When it comes to people freaking out over the negative impacts and influences of pornography (a concern as old as porn itself), the novel aspect that is so worrying to a lot of people is the easy access to porn offered by the internet, a distribution mechanism which, true enough, didn’t exist when I was a kid.
Even when the media is presented with a legitimately game-changing technology like the internet though, it doesn’t mean every side effect and underlying worry the media tries to pin on the technology is also new, or even valid.
Take this recent op/ed from the pages of The Guardian, for example, in which writer Andrew Brown frets aloud about porn encouraging a culture of instant gratification, which he argues gave rise to reality TV and the presidency of Donald Trump.

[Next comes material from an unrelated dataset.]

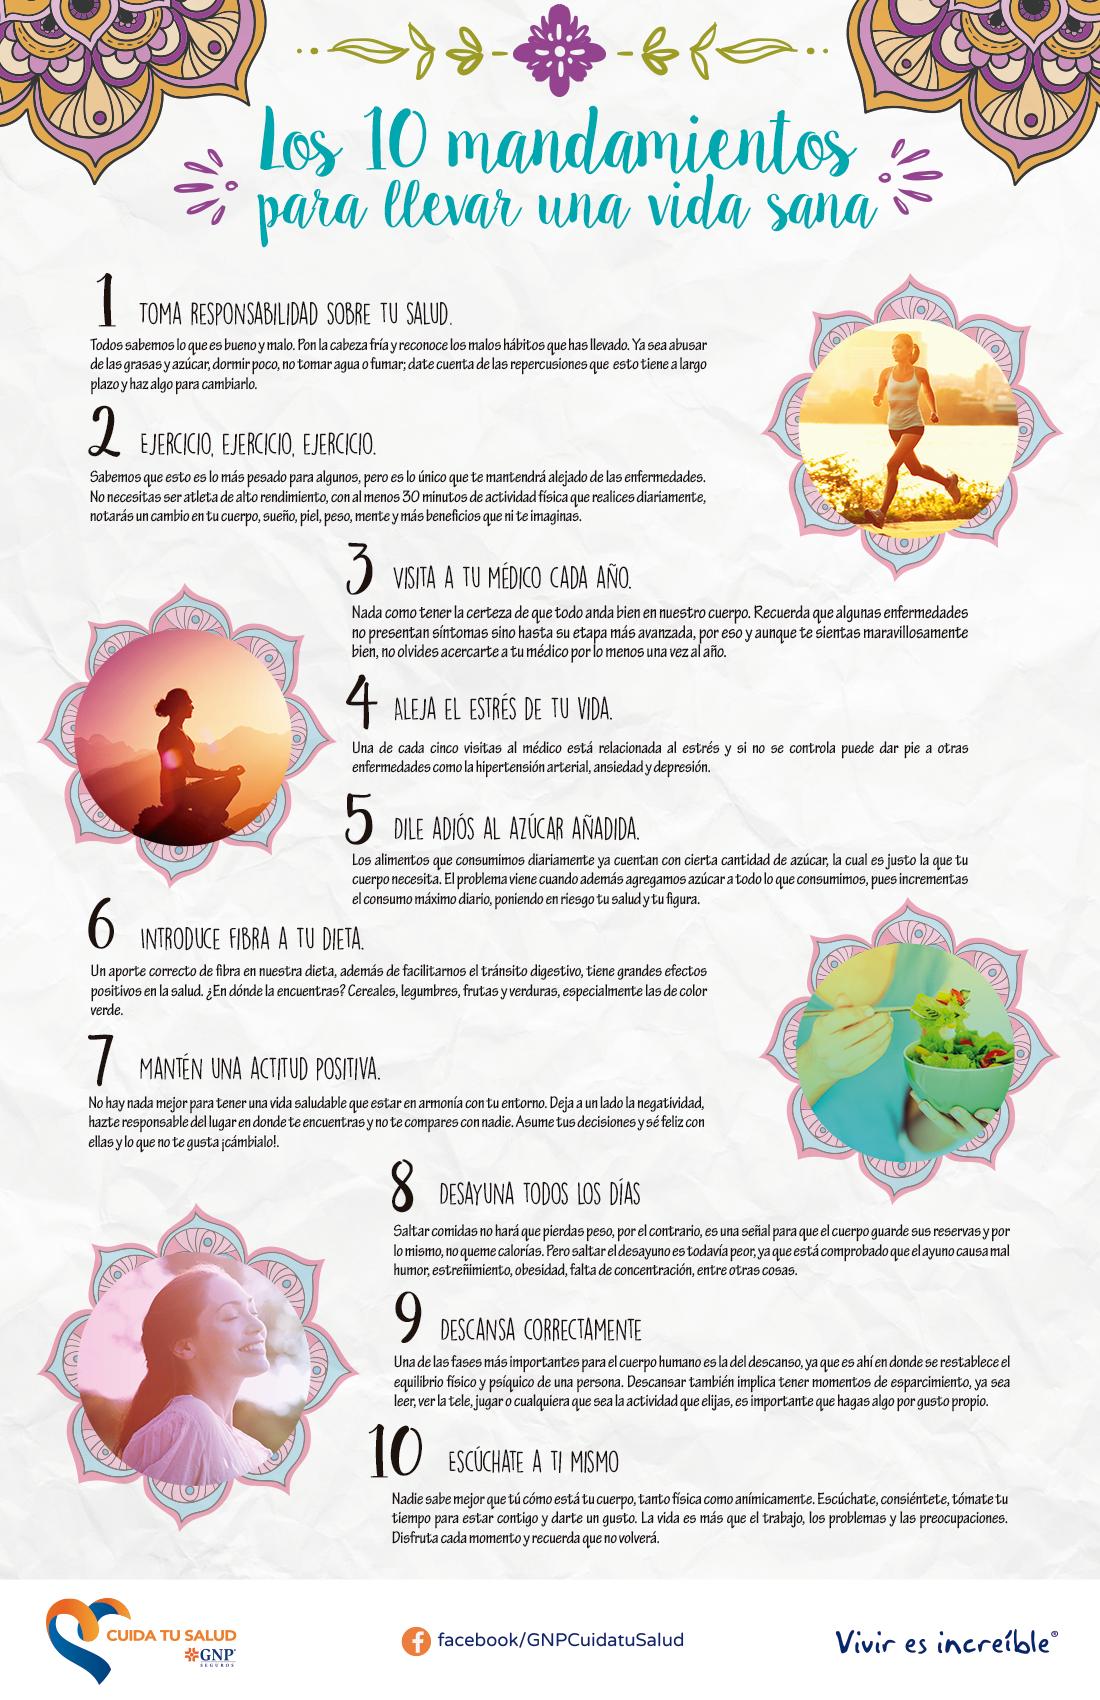 10 mandamientos para llevar una vida sana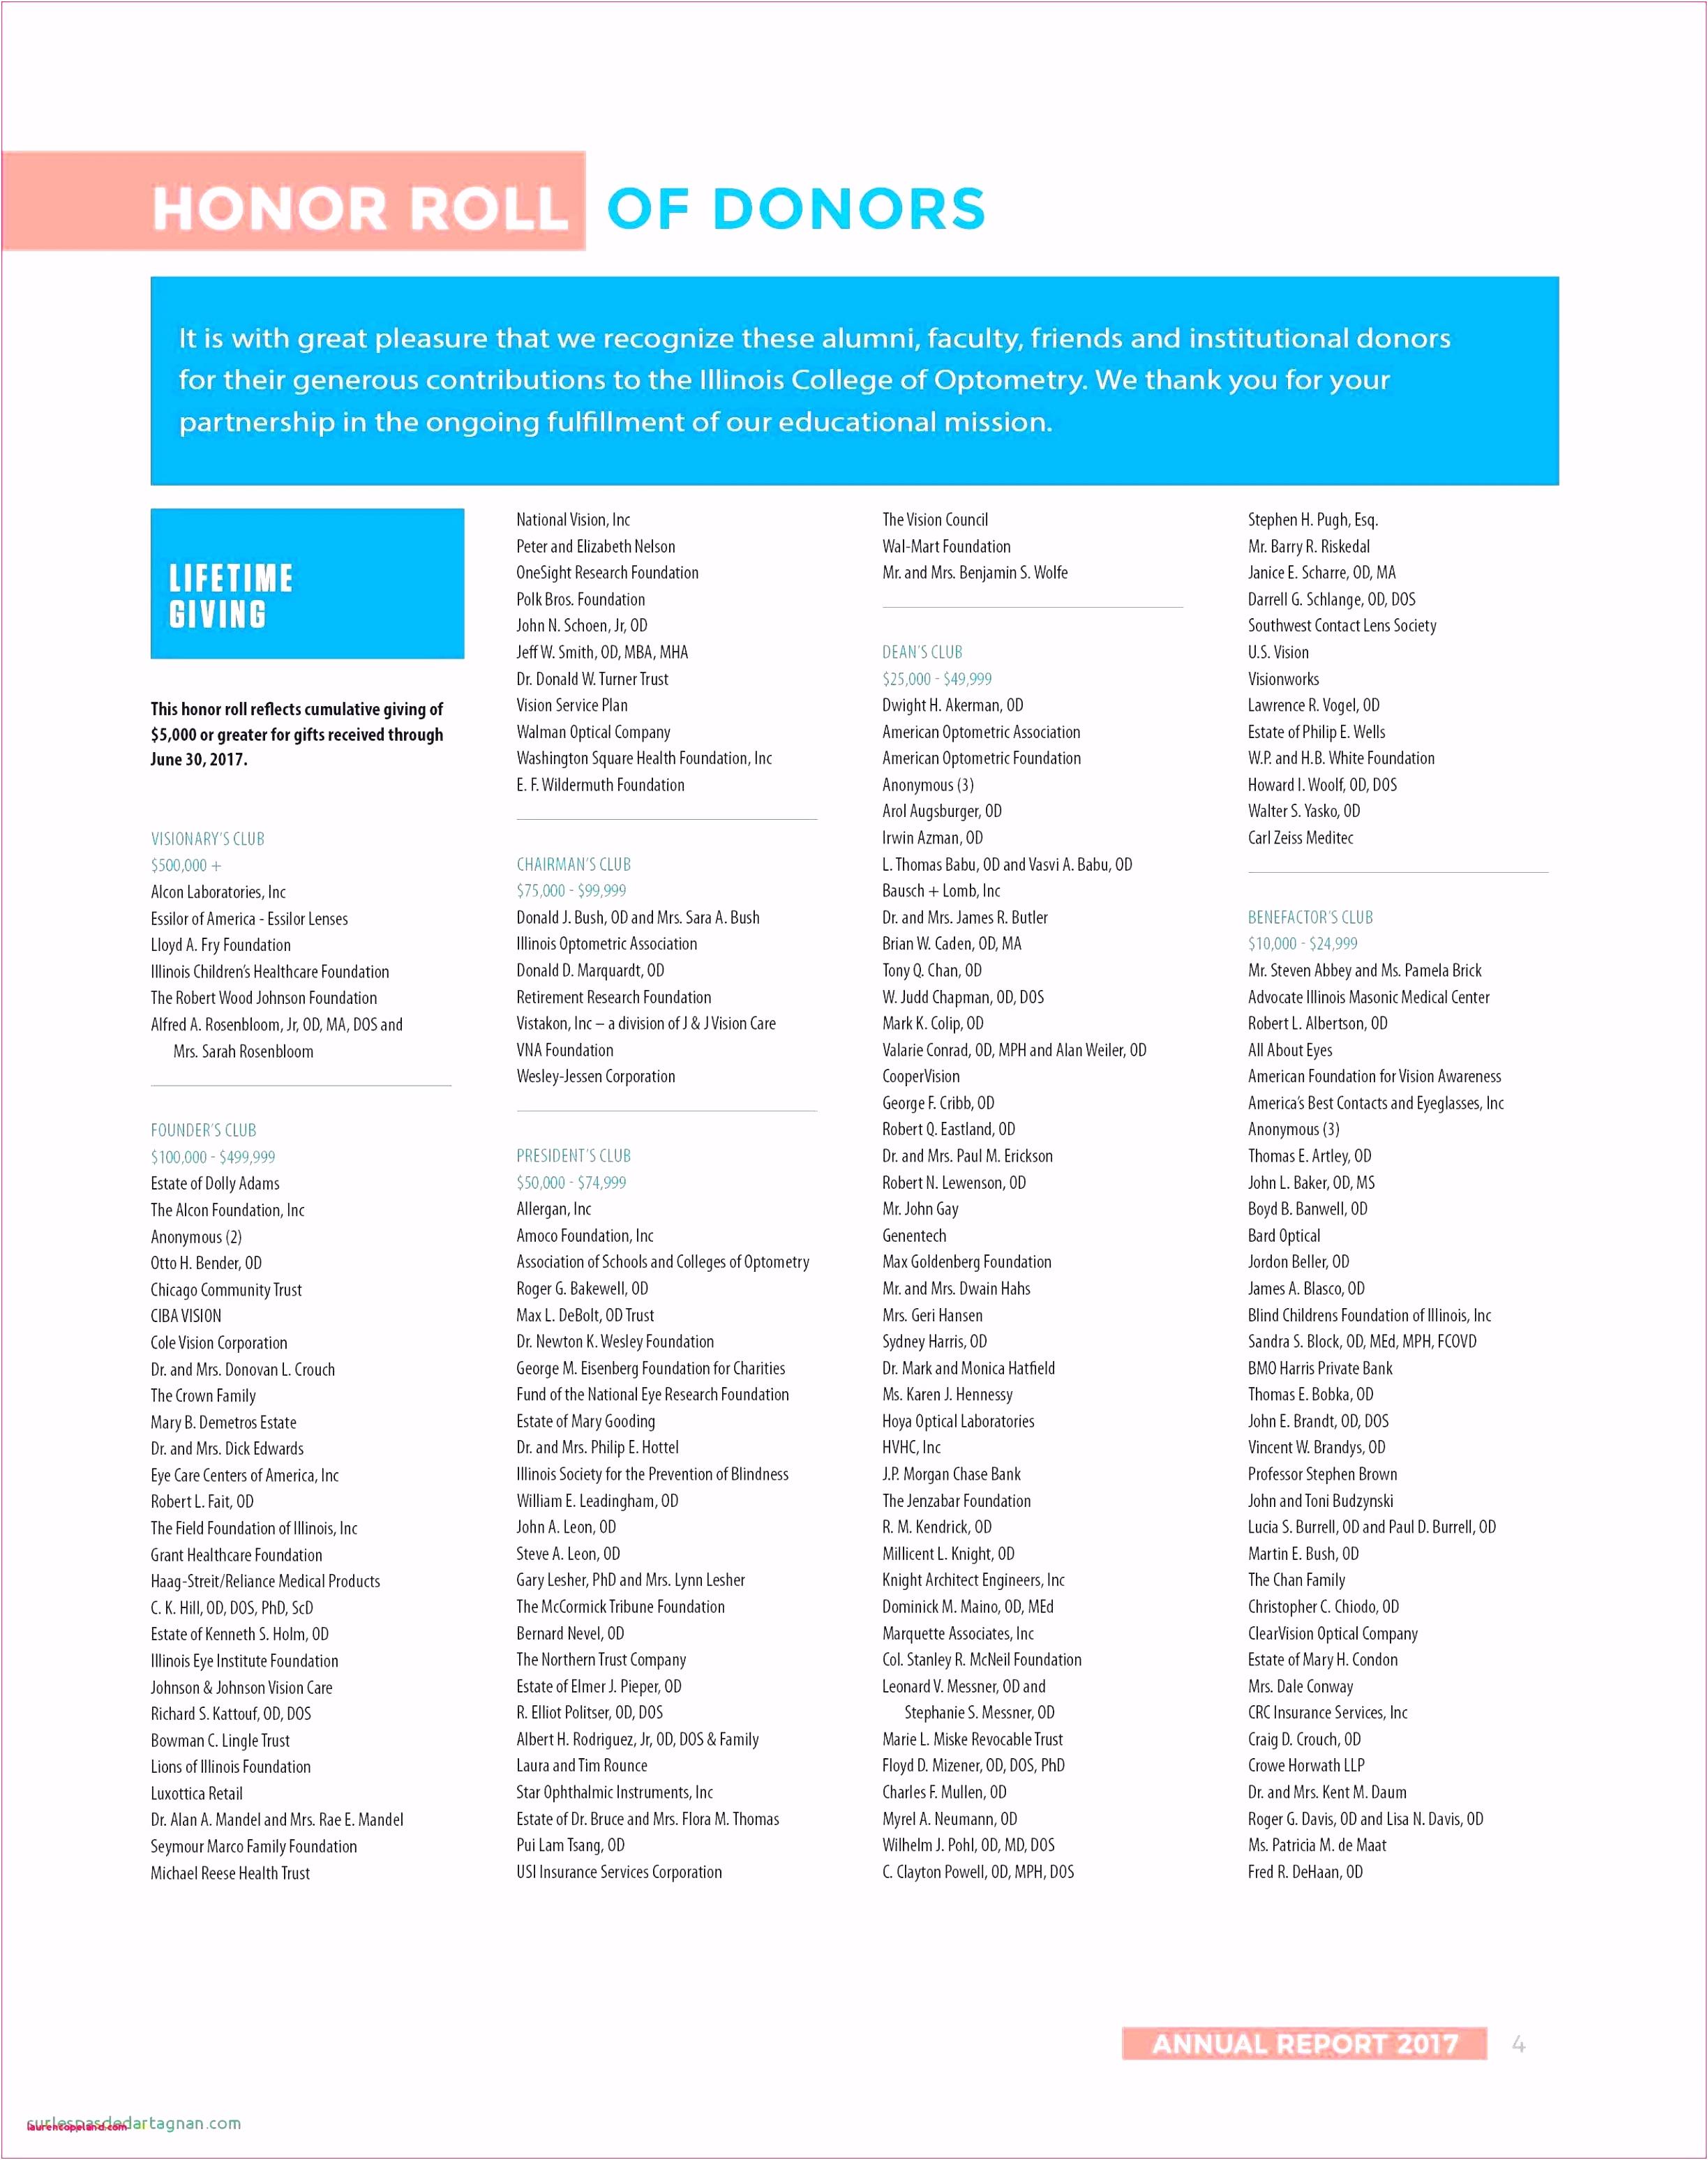 58 Haftpflichtversicherung Kundigen Vorlage laurencopeland

“The pornification of everything is the business model of commercial television and the ad-supported internet,” Brown wrote. “It’s not just about sex. The fantasies of control, domination and immediate gratification are now the ideal in all commercial transactions. They are what almost every advertisement promises. The frictionless and utterly convenient world of online shopping is much closer to porn than to offline trudging and bargaining.”
Unless Brown is a lot younger than he looks, I have a hard time believing he’d never been exposed to promises of instant gratification in advertising prior to this “pornification of everything” he references. From the American fast-food restaurant explosion of the 1970s to the patenting of “instant” coffee (which took place in New Zealand in 1890, by the way), the allure of instant gratification in a commercial context is neither new nor novel.
Much of what we now consider normal, standard practice would strike consumers of previous generations as lofty promises of instant gratification. Going from New York to Los Angeles in a matter of hours? Imagine explaining this now-mundane fact of life to those who trekked west during the California Gold Rush, when traveling the same distance took a minimum of around 100 days.
As for shopping, Brown would be happier if instead of ordering from Amazon, we had to drive our gas-guzzling vehicles down to a store that may or may not have what we want in stock? Swell. He can have my place in line — especially when Black Friday rolls around.
Where Brown sees a threatening and frightening new reality, all I see is an extension of what has always been part and parcel of the human condition.
As a species, we’ve always been caught between clinging to the traditional ways of doing things and striving to make things easier, faster and better. This is not to say the newer ways of doing things we develop are always better than the traditional, just that tension will always exist between the old and new forms of “normal.”
I’m guessing Brown’s column was not composed on a typewriter, but a computer. I’m also guessing any changes he and/or his editors made did not require typing up a whole new draft of the column, but simply deleting and inserting text as needed to hammer the thing into its final form.
Should we be alarmed by the “instant gratification” provided by whatever CMS and/or word processing software Brown uses, or would it just be silly to suggest the old means of creating newspaper content are inherently superior, simply because they require more work and greater consumption of resources to accomplish the same end?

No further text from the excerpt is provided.